In Ireland however, I did rent automatic as it was enough to deal with driving on "the other side."  But if you are confident you should be fine with stick as long as you do NOT drive in the city.  I learned to drive in NY and have been negotiating Boston highways and byways for 30+ years so I have an advantage over the non-city drivers, to be sure.  but driving in Italian city?  No way!!!


----------



## PStreet1 (Aug 23, 2012)

In addition to not being allowed to have a car in Venice, you have to find a place to park it if you have it.  We stayed on The Lido because we could take a ferr.y (with the car) and the hotel had free parking for the car.  We enjoyed the vapareto ride each morning and evening to wherever we were going for the day, but having the car definitely made us have to plan differently.

As Jim says, don't drive in Rome, or any other major city.  We took a train to Florence, even though the day before on a sight-seeing drive we had been within a stone's throw of Florence.  We did our sight-seeing out in the country, and the next day took the train to Florence.  We also took the train to Sorrento and a bus to see the Almalfi coast.  We wanted the driver to be able to see the views, too--and that's really not an option if you drive a car.

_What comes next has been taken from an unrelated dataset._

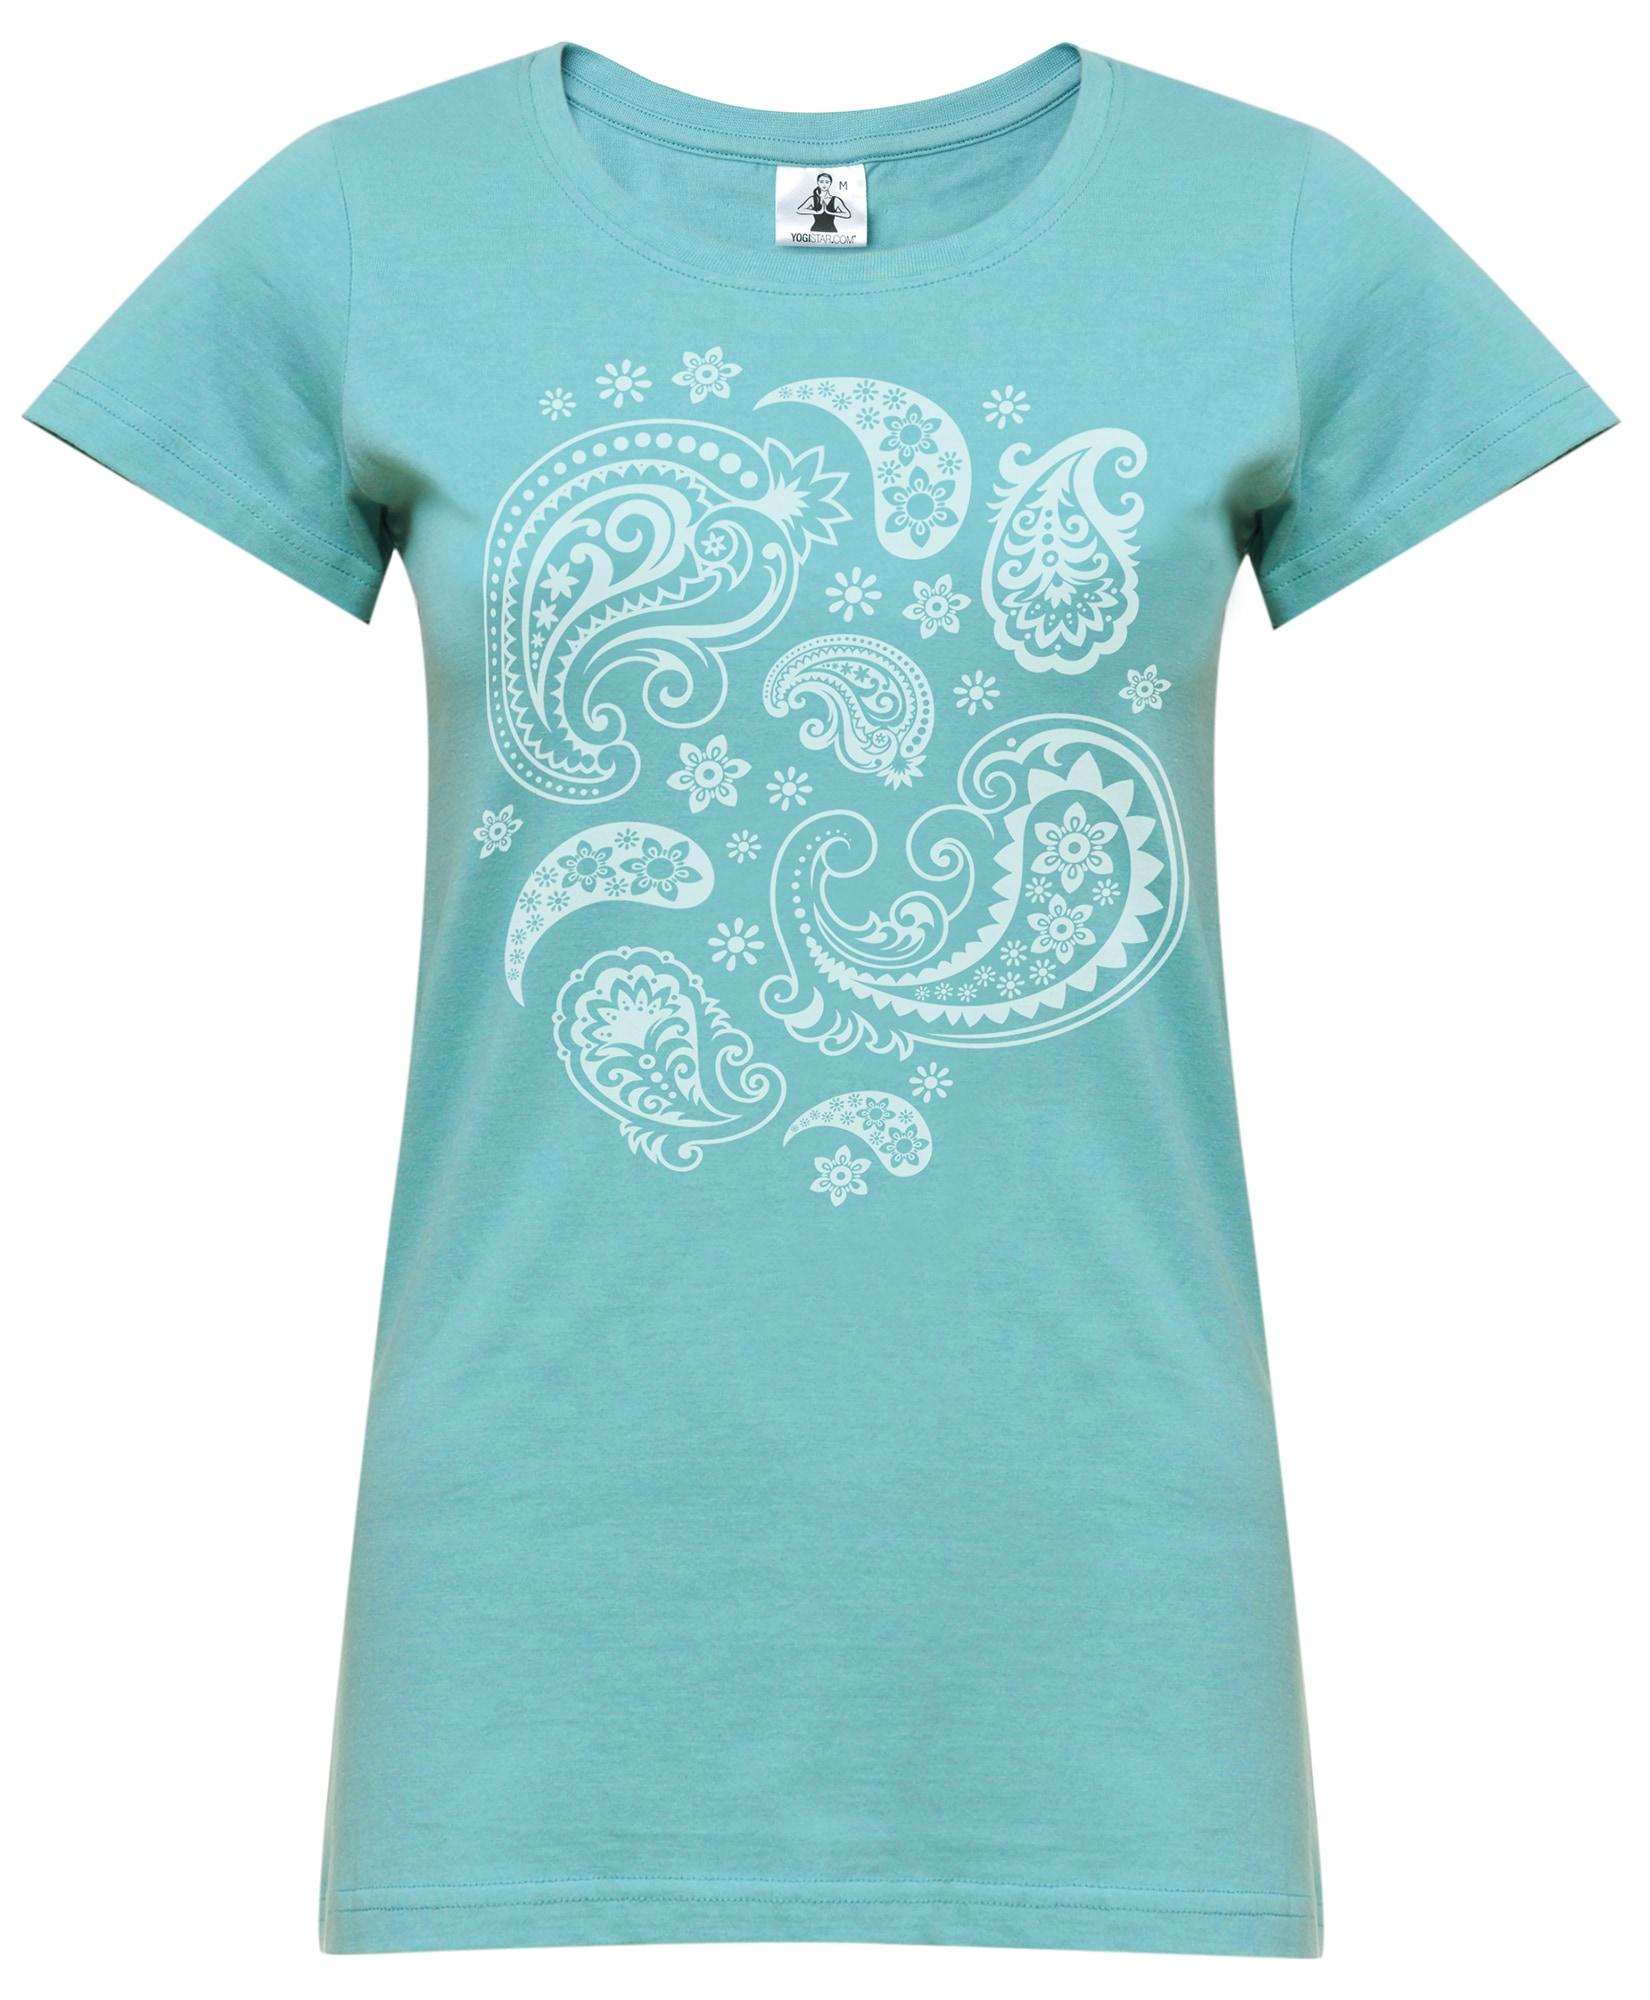 Yoga-t-shirt 'Paisley' | Sportbekleidung > Sportshirts > Yogashirts | YOGISTAR.COM

As soneone mentioned above, leasing a car is much less expensive.  We leased for 19 days--and that's why we retained the car in Venice; doing so was still much less expensive than renting a car for less time would have been.  Our last trip, we decided to just rent an apartment in Rome, so no car was involved.


----------



## Margariet (Aug 23, 2012)

Yes, in Venice you leave your car on the car park next to the water taxi's. You take the luggage on board and you can get a drop off near to your accommodation. No driving in the inner city. Very easy. In the other cities it is just like any other big city in Europe or the USA. Busy traffic. Follow the signs, use your navigator and stay alert and calm. If you are not comfortable with driving in big cities or driving abroad or driving manual, just don´t. If you are used to driving manual, you will love it but you need to practice a bit if you are not comfortable.


----------